Share your dilemmas and get honest opinions from other Mumsnetters.

AIBU not to explain why a 7yr old can't go in the gents?

543 replies

FlyingPi · 25/01/2023 23:42

I'm sure this has been discussed before. When we're out and my boy needs the toilet, I make him come into the Ladies with me. Problem is, he's starting to complain about it and wants to go in the Gents on his own. I have let him do this in one particular place where there's never anyone about, so I knew he wouldn't encounter anyone at the urinals. I'm always honest with him but I don't quite know how to explain why I'm not letting him do this anywhere else, like at the swimming pool/gym toilets.
He knows about the Pants rules and personal space and consent but I don't exactly want to spell out what I'm worried about. What do you tell your kids?

OP posts:
GreenFingersWouldBeHandy · 26/01/2023 03:25

He's too old to go into the female loos. And you can't accompany him into the gents.

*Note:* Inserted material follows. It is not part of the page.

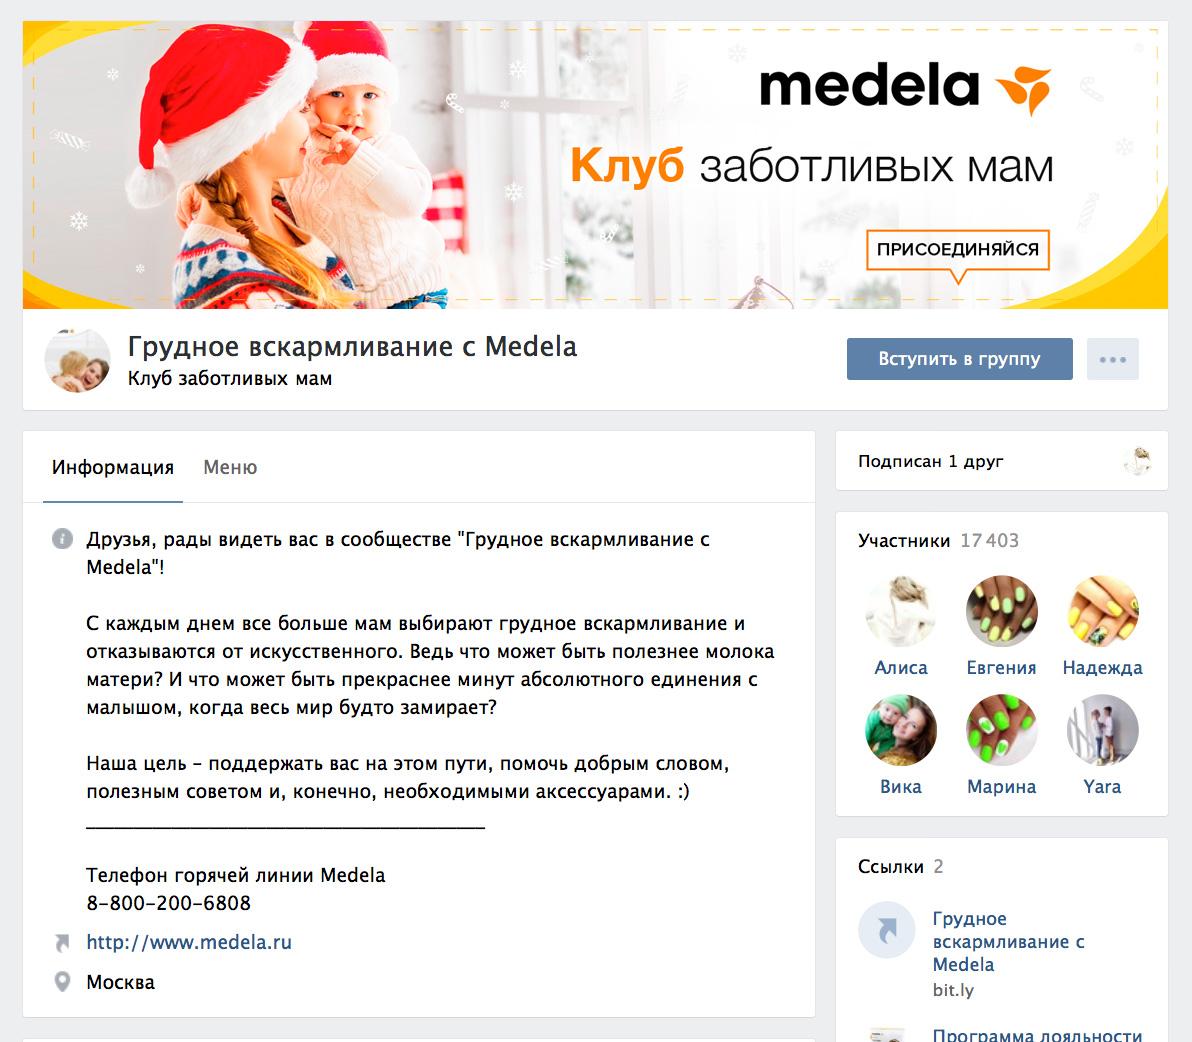 Вконтакте -  Клуб заботливых мам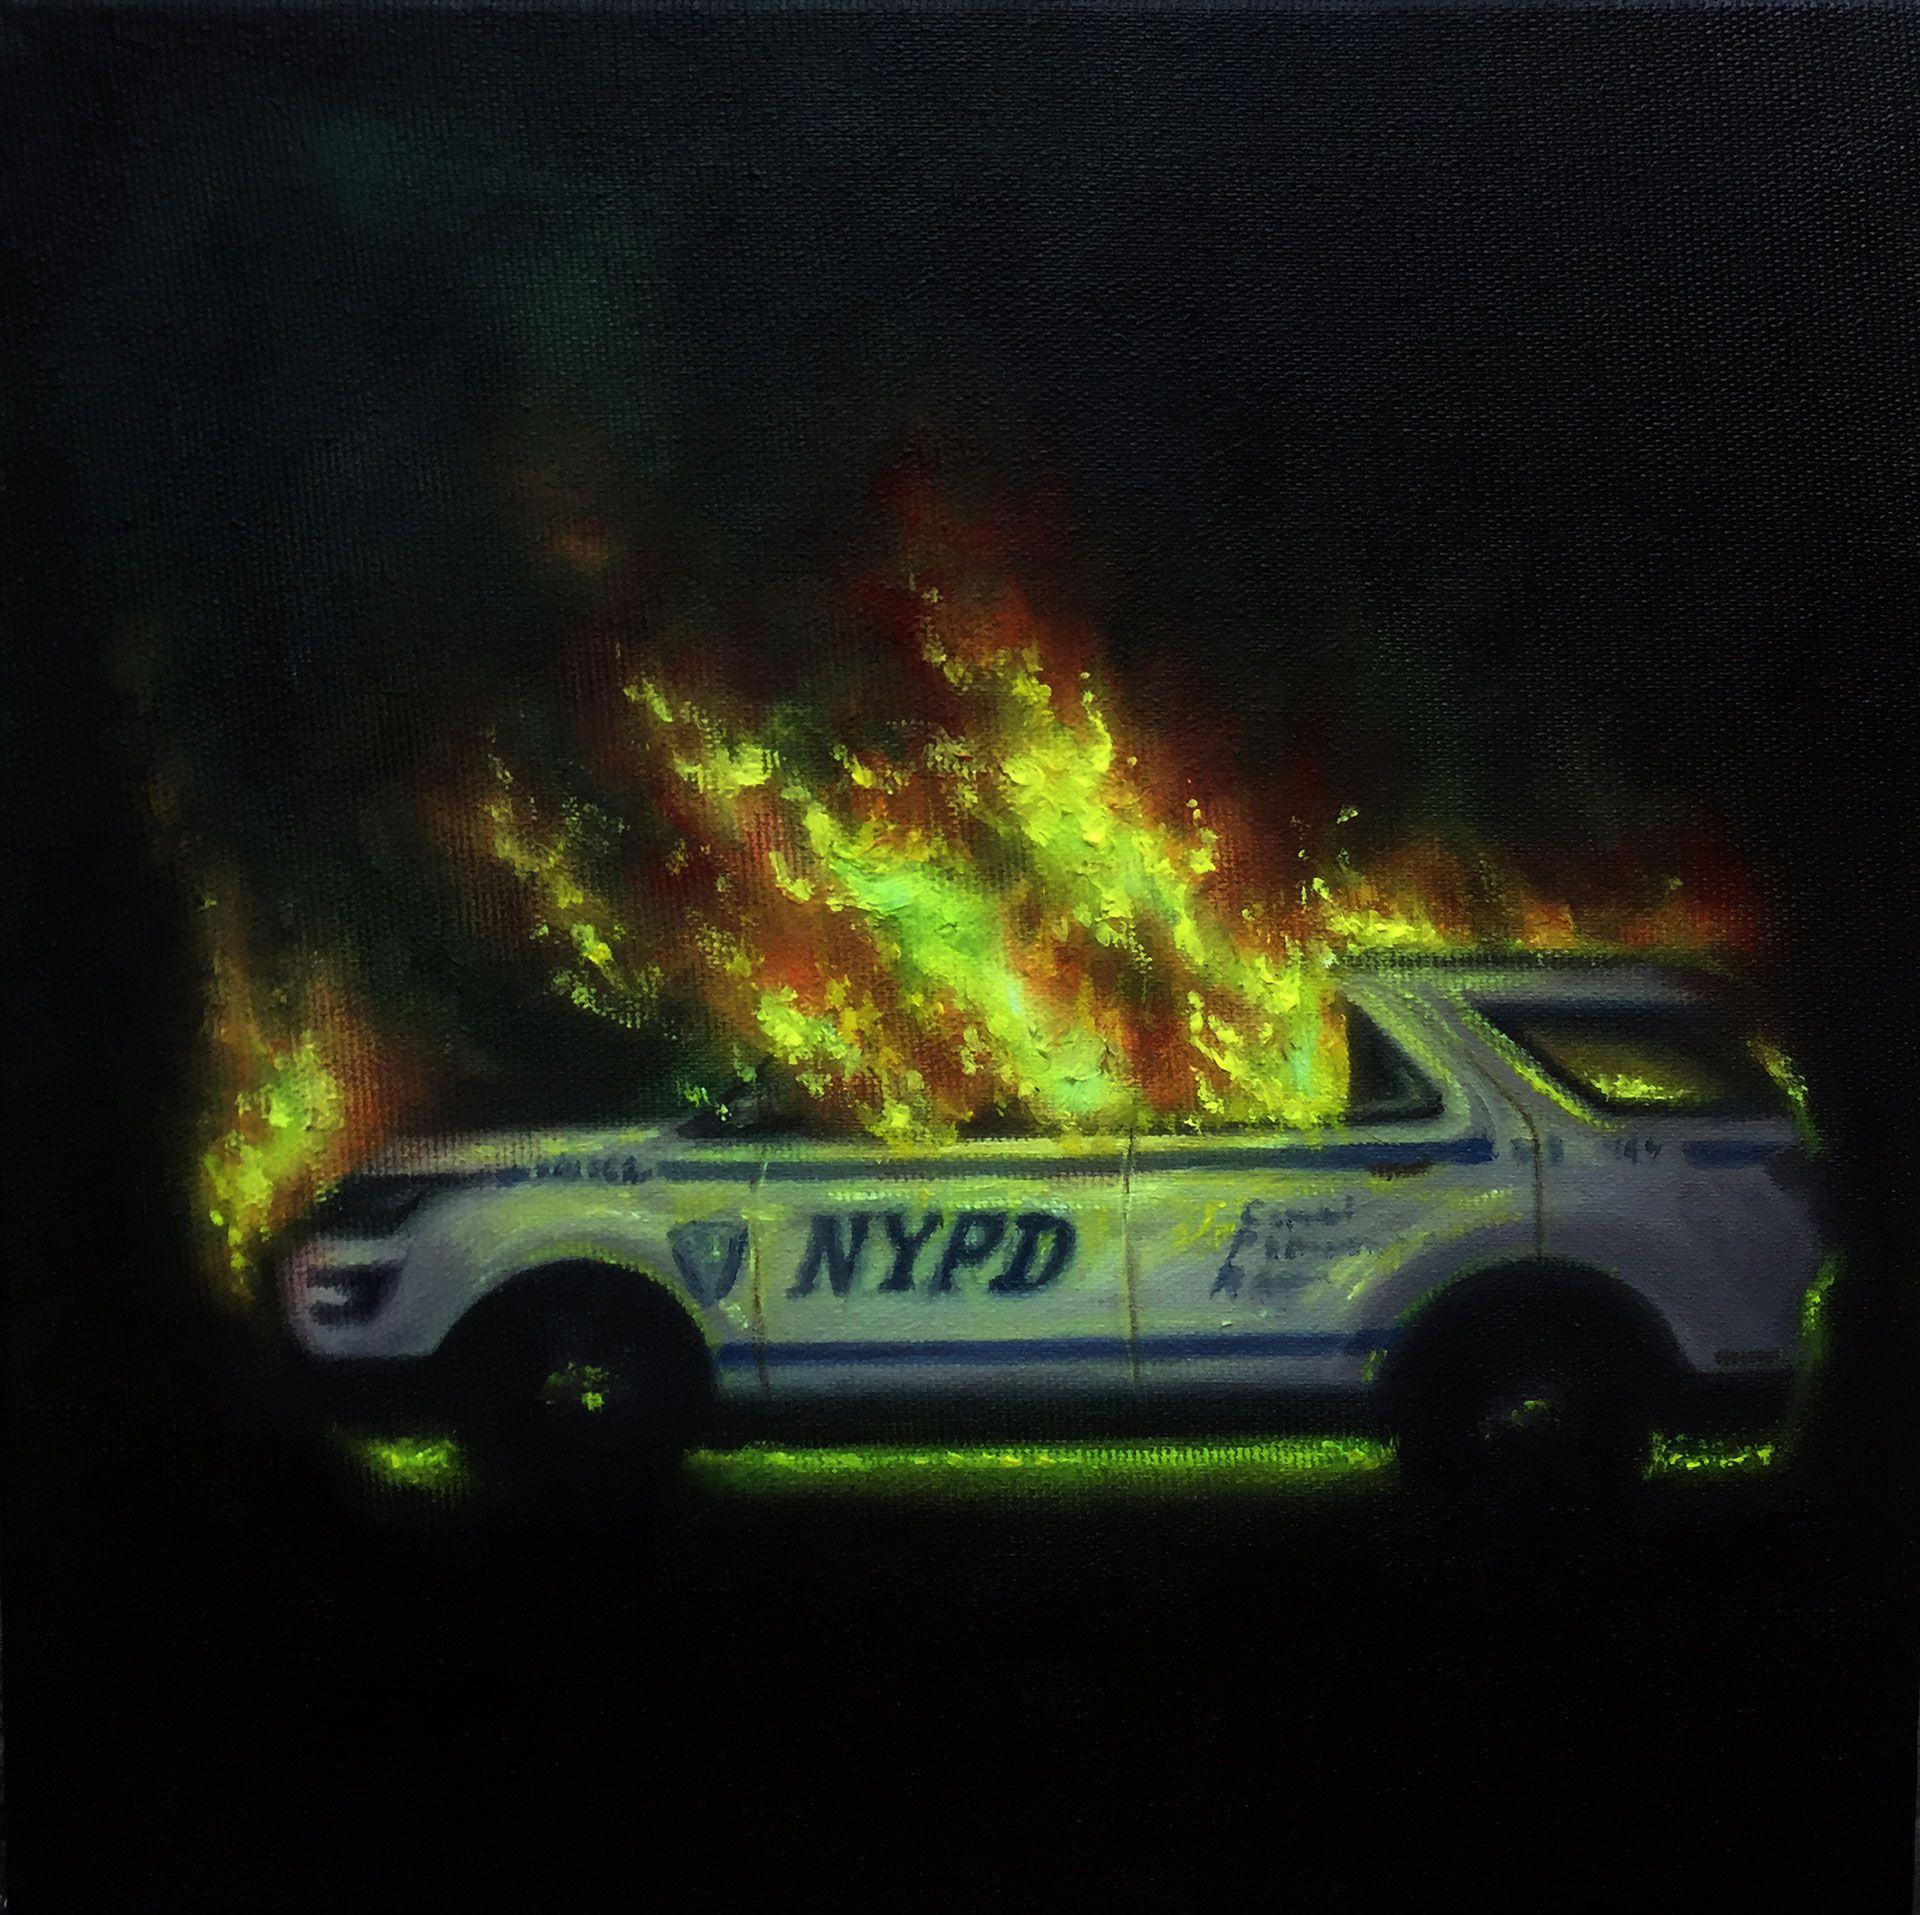 A pintura mostra a imagem de um carro policial incendiado, sobre fundo preto a luz emana do fogo, o carro é de cor azul e branco, pode se ler as siglas NYPD na porta do carro, a pintura faz alusão às manifestações e protestos populares em diversos lugares do mundo.

Suggest his Dad teaches him how to use a cubicle? Is he capable?

Cactuslove · 26/01/2023 04:31

fUNNYfACE36 · 26/01/2023 00:07

I challenge boys who look more than about 7 using the ladies.

Genuinely wondering what I'd do with my oldest if I needed the loo. He'd be 7 and my youngest ds 4. Not old enough to leave alone outside but by your rule too old to come in the toilet with me.

RoundUpRuby · 26/01/2023 04:44

This is ridiculous. He should be going into the gents; he’s far, far too old to be going into the womens with you just because you’re anxious and paranoid.

Aprilx · 26/01/2023 04:45

Boringcookingquestion · 26/01/2023 00:18

I won’t be sending my sons into a public toilet alone when they are 8. If I had a daughter, I don’t think I’d want her going in the ladies alone either. It’s too young to be in a place with strangers and lockable cubicles.

I think I will just tell them they need to be with an adult in the toilet because not all adults are trustworthy… it’s just an extension of stranger danger really.

This is one of the reasons that I support more places introducing family toilets and gender neutral toilets (proper ones with floor to ceiling doors, obviously).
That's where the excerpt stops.